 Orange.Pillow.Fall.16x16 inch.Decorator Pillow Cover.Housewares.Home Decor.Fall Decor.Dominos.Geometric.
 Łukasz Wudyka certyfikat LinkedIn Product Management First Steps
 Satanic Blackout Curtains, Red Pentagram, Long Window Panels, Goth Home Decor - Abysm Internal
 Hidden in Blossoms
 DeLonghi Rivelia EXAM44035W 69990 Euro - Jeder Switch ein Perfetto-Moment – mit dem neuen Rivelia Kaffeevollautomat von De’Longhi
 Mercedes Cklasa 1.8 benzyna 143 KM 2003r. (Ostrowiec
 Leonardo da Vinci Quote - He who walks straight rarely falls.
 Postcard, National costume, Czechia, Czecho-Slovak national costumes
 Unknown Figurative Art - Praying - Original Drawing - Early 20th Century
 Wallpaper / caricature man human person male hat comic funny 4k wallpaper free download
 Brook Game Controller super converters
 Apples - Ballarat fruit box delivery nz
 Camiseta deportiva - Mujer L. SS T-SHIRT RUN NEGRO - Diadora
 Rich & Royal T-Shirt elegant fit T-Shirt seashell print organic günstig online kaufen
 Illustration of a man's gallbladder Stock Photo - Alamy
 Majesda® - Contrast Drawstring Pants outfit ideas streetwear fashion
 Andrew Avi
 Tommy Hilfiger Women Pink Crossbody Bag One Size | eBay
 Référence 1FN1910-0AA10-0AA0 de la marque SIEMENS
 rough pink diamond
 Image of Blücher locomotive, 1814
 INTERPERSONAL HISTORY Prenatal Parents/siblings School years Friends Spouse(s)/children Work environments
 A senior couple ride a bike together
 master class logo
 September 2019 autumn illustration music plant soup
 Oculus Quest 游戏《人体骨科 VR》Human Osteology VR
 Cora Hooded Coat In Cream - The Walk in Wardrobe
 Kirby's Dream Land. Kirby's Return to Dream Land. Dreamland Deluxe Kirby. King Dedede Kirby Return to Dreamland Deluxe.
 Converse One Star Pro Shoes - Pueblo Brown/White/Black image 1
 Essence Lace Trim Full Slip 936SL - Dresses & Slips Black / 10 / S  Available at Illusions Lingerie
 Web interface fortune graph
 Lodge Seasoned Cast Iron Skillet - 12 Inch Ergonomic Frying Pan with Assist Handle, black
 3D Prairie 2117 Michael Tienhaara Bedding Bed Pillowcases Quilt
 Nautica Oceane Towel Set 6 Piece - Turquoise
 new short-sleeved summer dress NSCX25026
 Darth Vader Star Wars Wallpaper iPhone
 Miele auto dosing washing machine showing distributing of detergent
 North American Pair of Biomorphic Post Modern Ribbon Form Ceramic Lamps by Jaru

-- -- --

#### WHAT YOU WILL DO:
All lines from the one that contains "Oculus Quest 游戏《人体骨科 VR》Human Osteology VR" through the end of the listing above should be copied exactly, with nothing else.

#### OUTPUT OF THE EXERCISE:
 Oculus Quest 游戏《人体骨科 VR》Human Osteology VR
 Cora Hooded Coat In Cream - The Walk in Wardrobe
 Kirby's Dream Land. Kirby's Return to Dream Land. Dreamland Deluxe Kirby. King Dedede Kirby Return to Dreamland Deluxe.
 Converse One Star Pro Shoes - Pueblo Brown/White/Black image 1
 Essence Lace Trim Full Slip 936SL - Dresses & Slips Black / 10 / S  Available at Illusions Lingerie
 Web interface fortune graph
 Lodge Seasoned Cast Iron Skillet - 12 Inch Ergonomic Frying Pan with Assist Handle, black
 3D Prairie 2117 Michael Tienhaara Bedding Bed Pillowcases Quilt
 Nautica Oceane Towel Set 6 Piece - Turquoise
 new short-sleeved summer dress NSCX25026
 Darth Vader Star Wars Wallpaper iPhone
 Miele auto dosing washing machine showing distributing of detergent
 North American Pair of Biomorphic Post Modern Ribbon Form Ceramic Lamps by Jaru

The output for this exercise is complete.